Give back exactly the line containing "fundo de natal" and all that follow it in the data below, with the pictures left out.

▶ _Recorded information_
————————
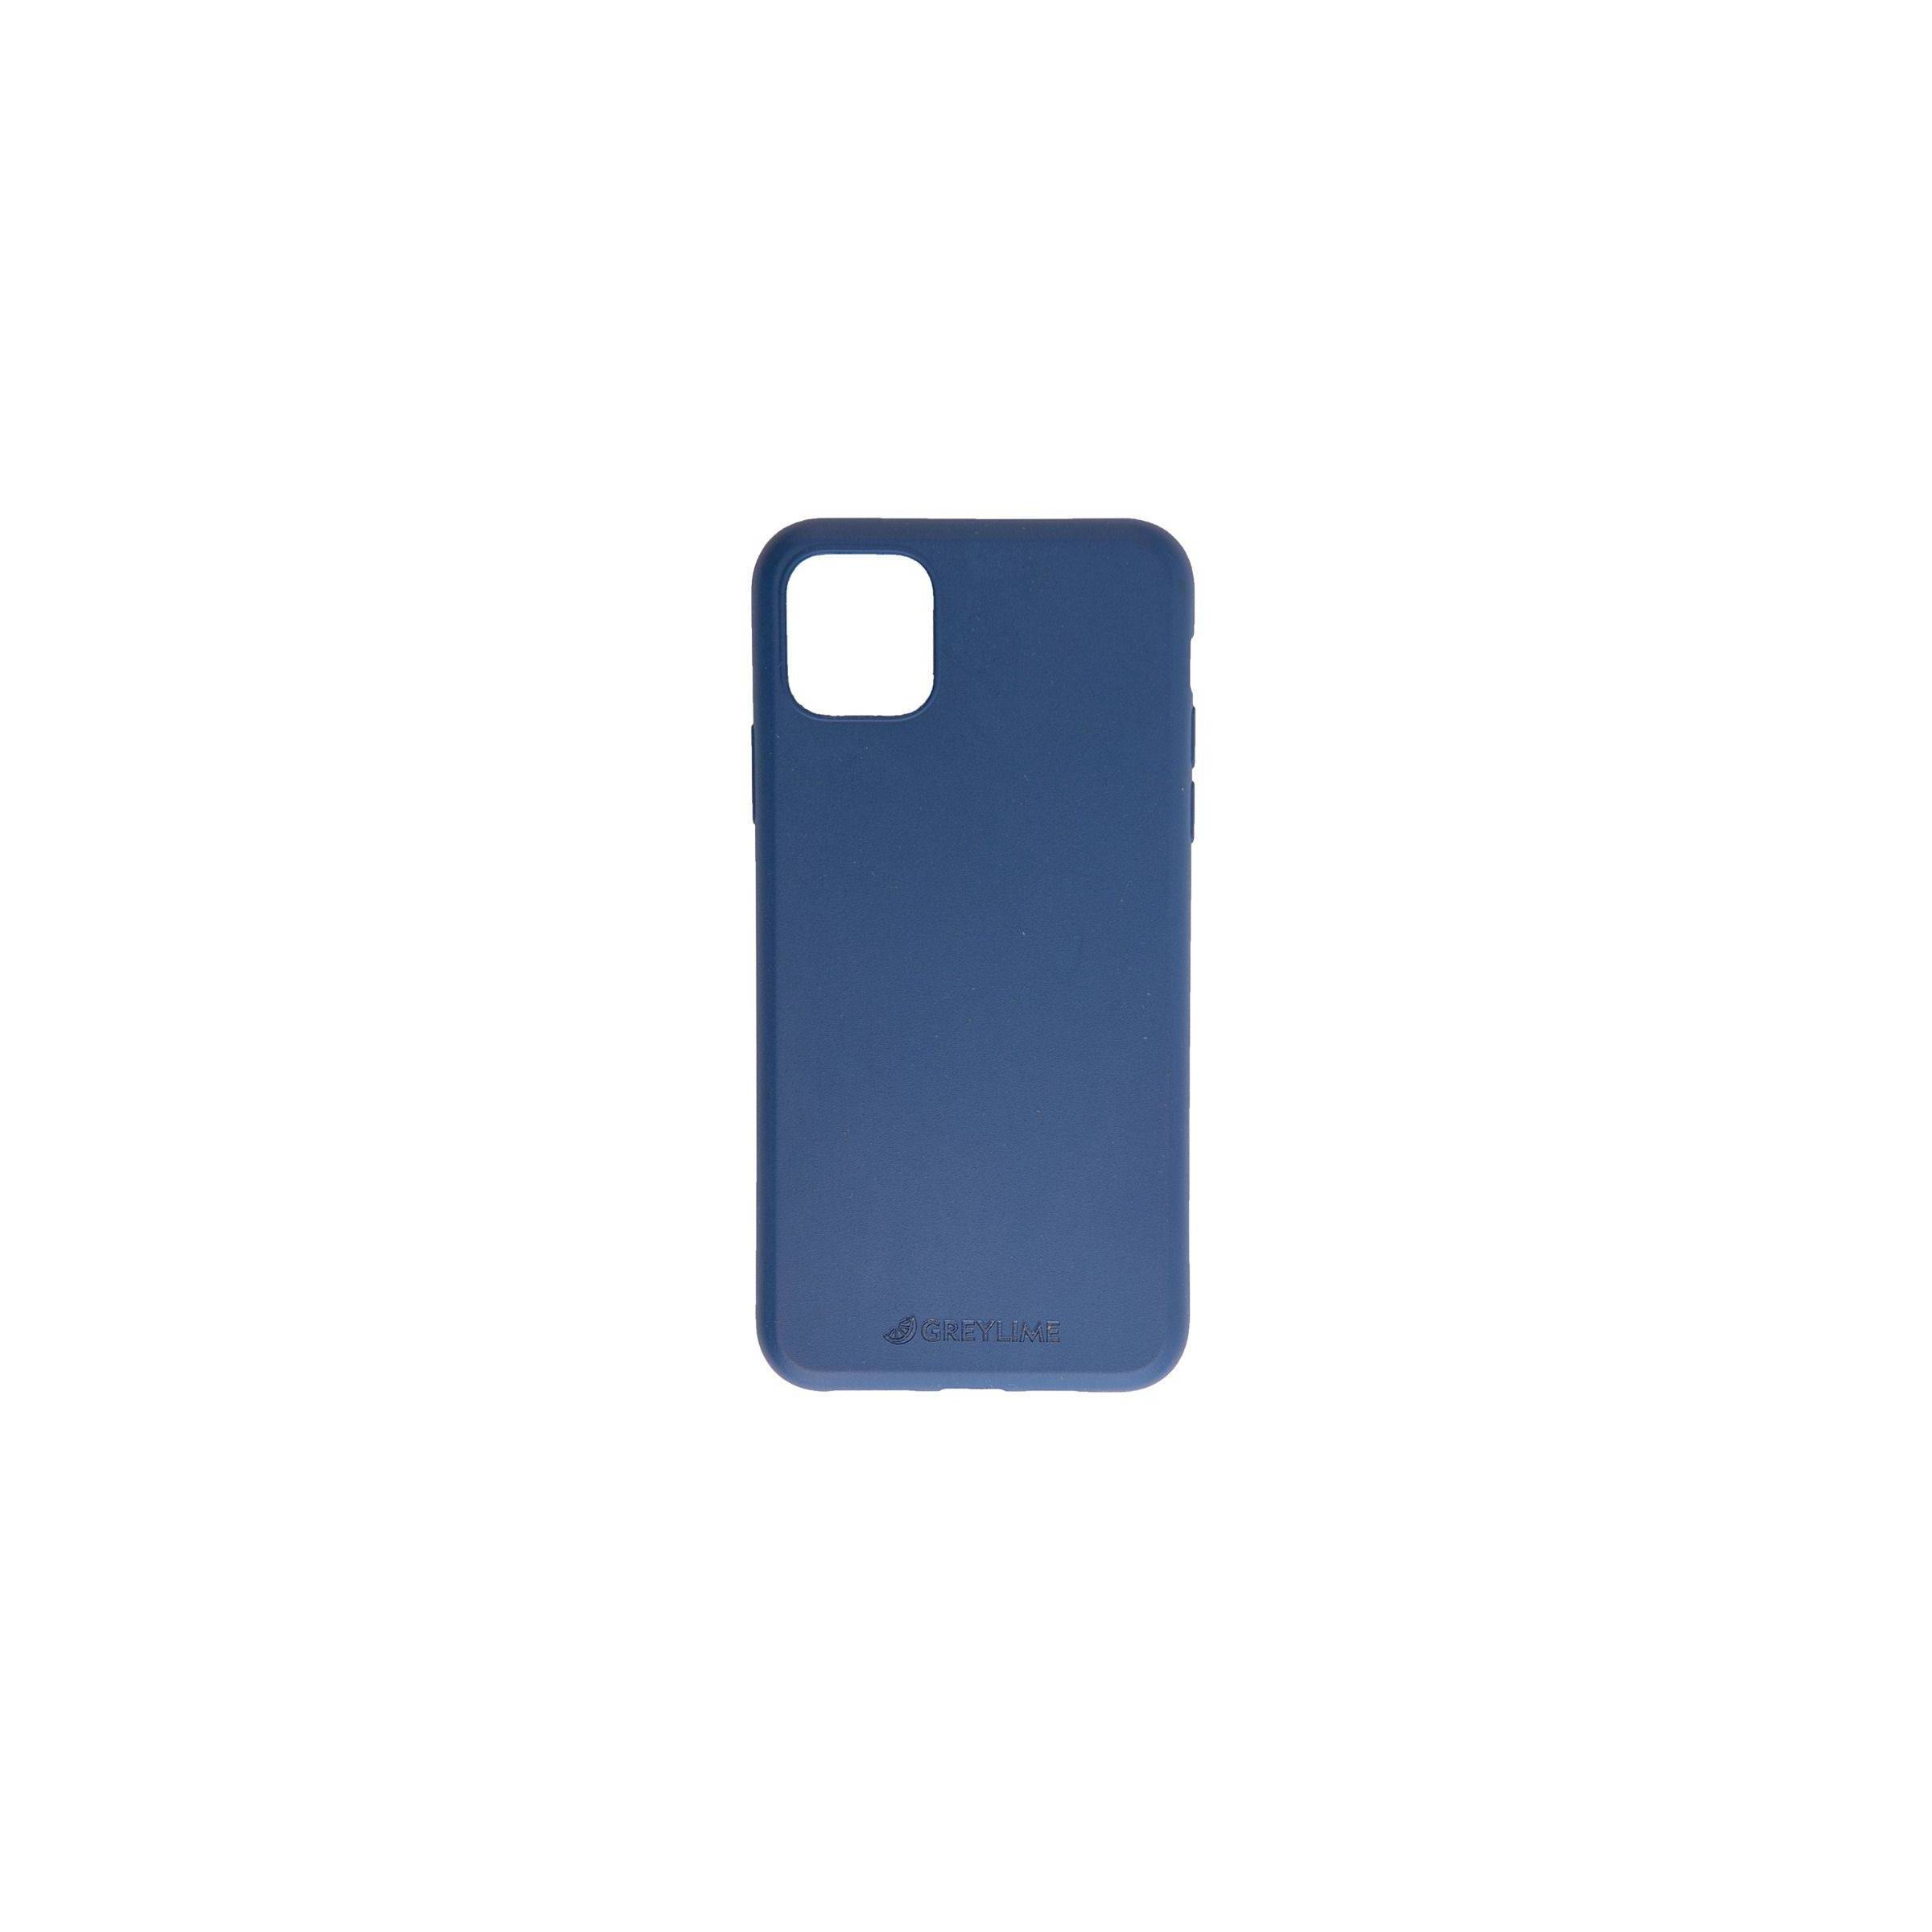 Bilde av Iphone 11 Pro Biodegradable Cover Greylime, Farge Mørke Blå
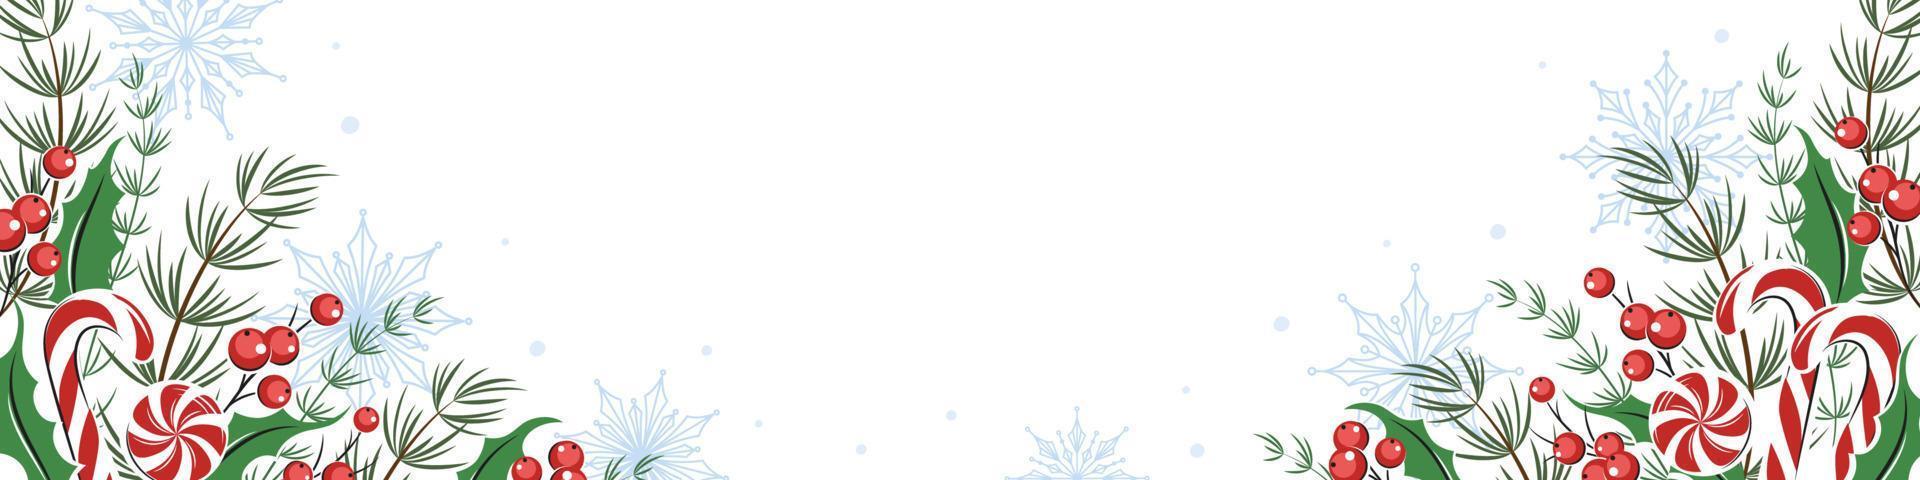 fundo de natal com lugar para texto. banner horizontal, fundo decorado com diferentes plantas de inverno, fundo de biscoitos e doces. ilustração vetorial vetor
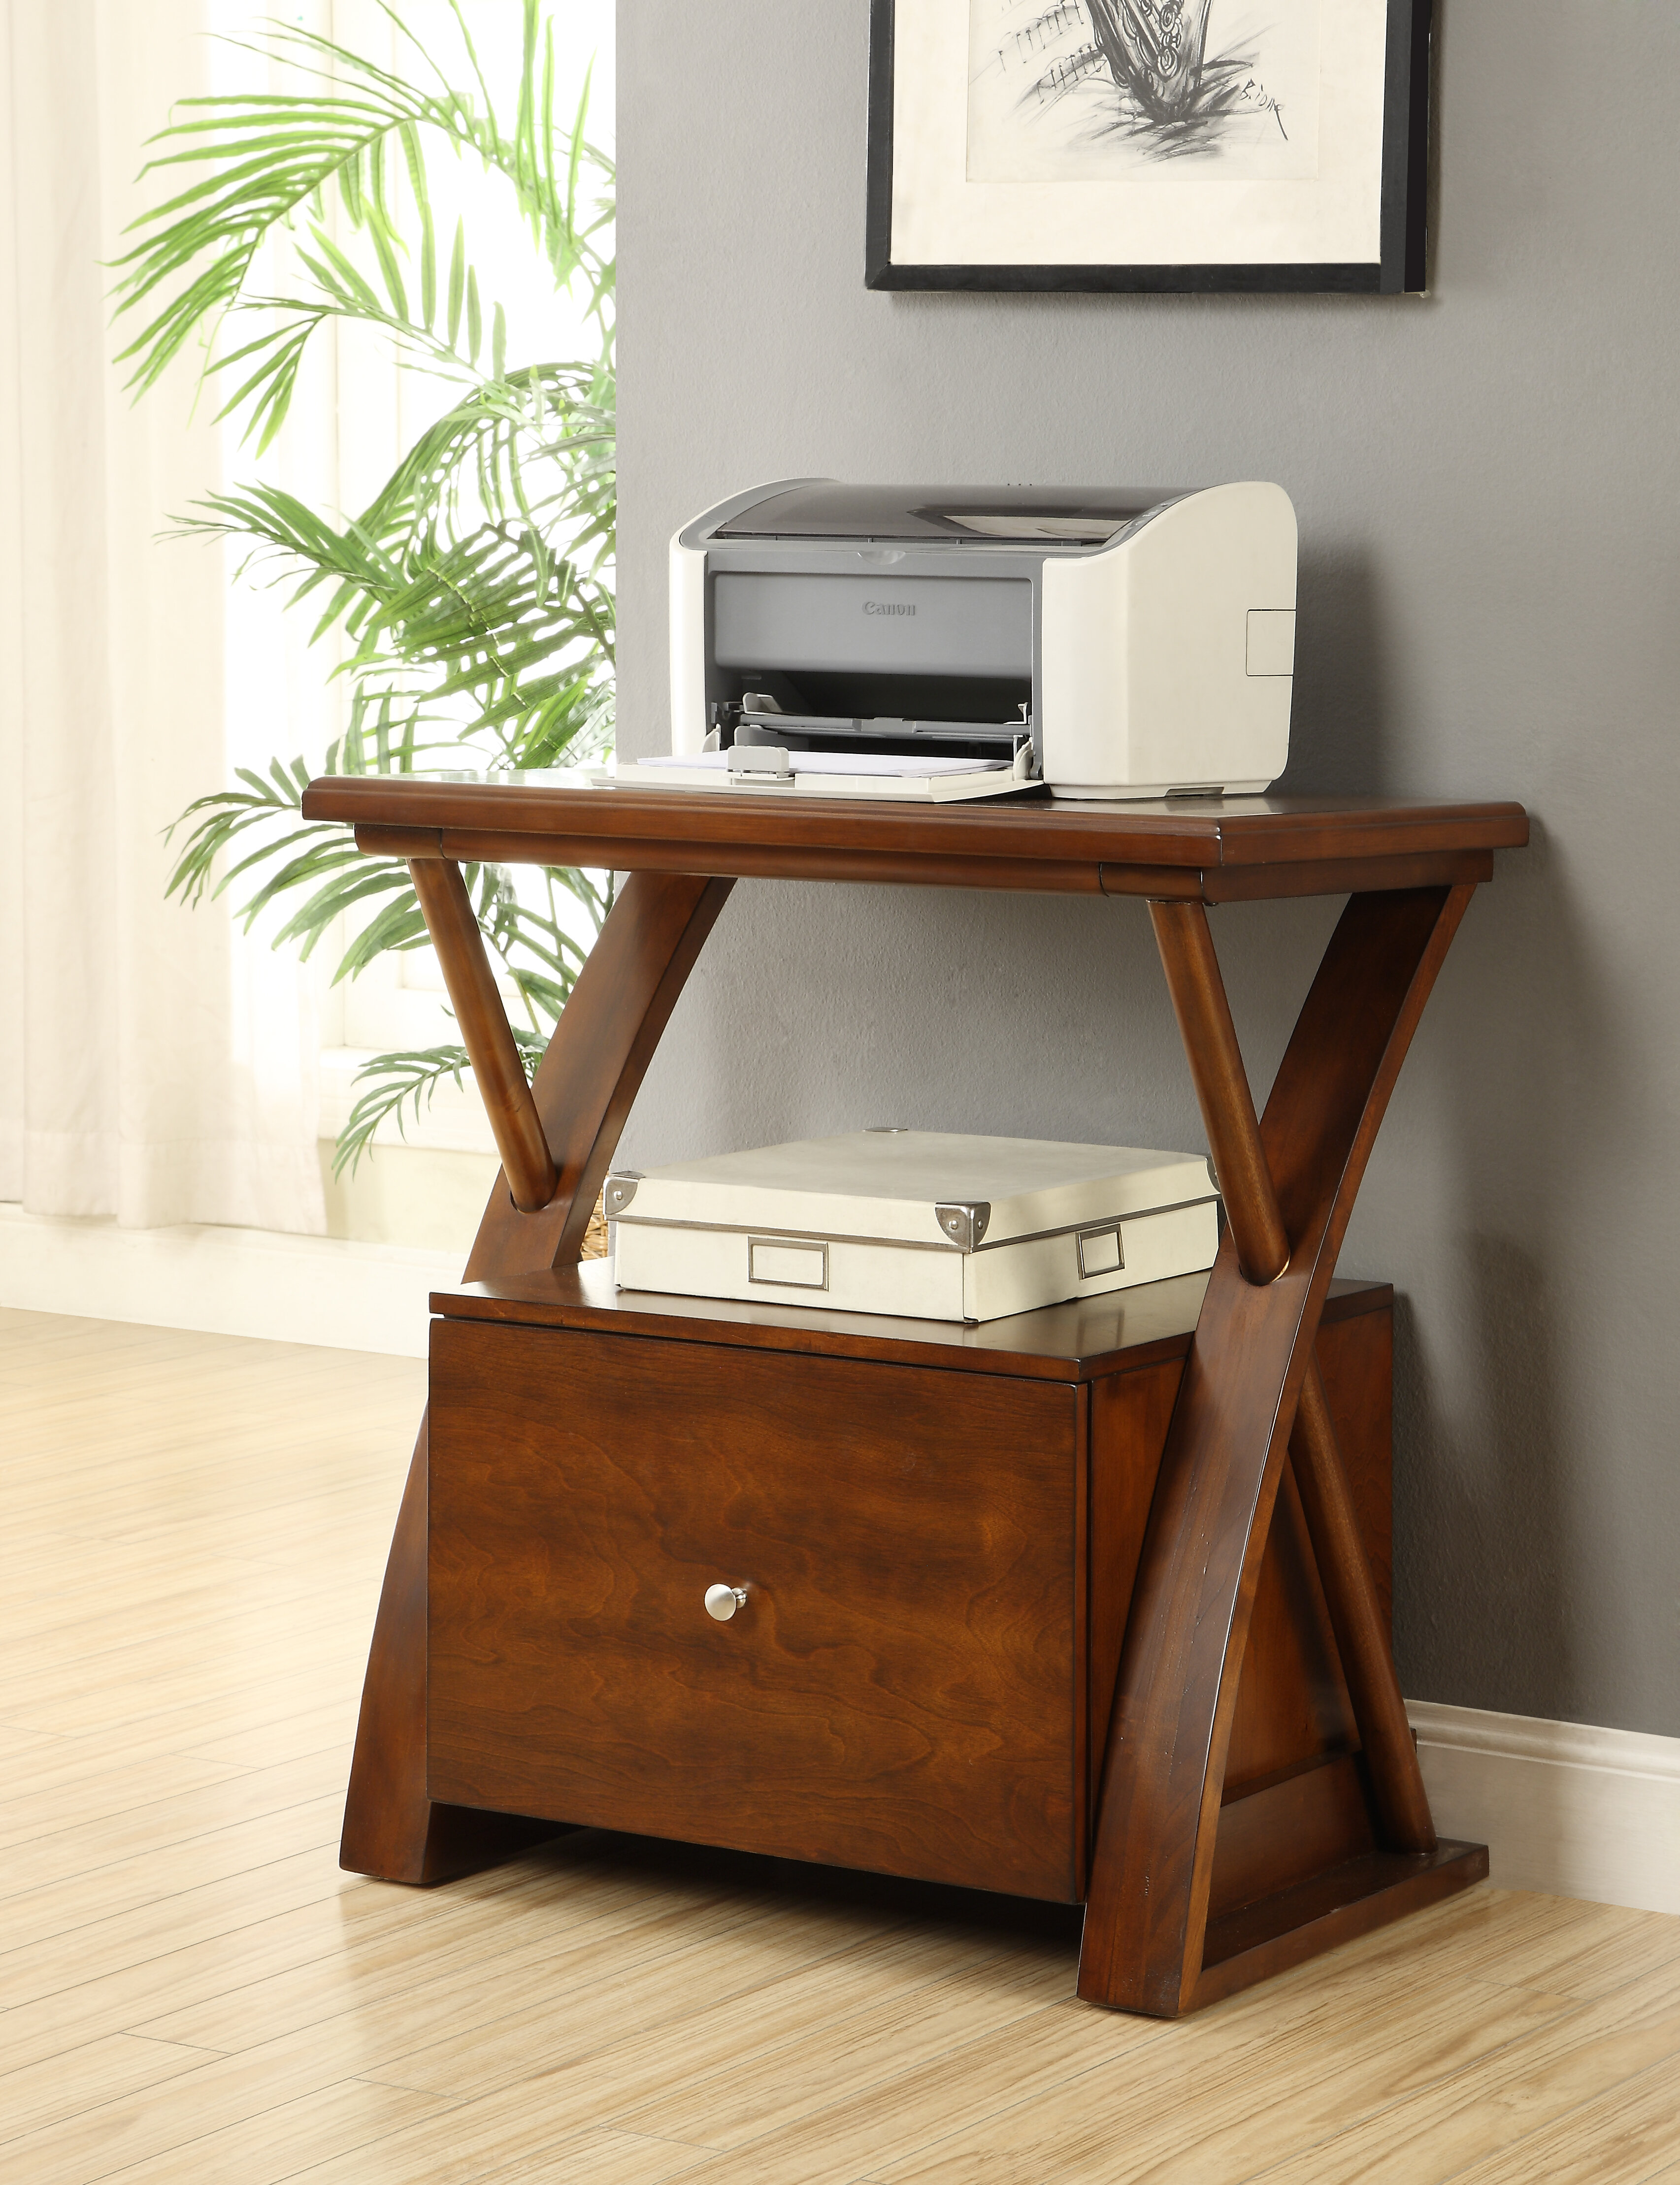 Legends Furniture Super Z Printer Stand Reviews Wayfair
————————
▶ _Result below_
 fundo de natal com lugar para texto. banner horizontal, fundo decorado com diferentes plantas de inverno, fundo de biscoitos e doces. ilustração vetorial vetor
 Legends Furniture Super Z Printer Stand Reviews Wayfair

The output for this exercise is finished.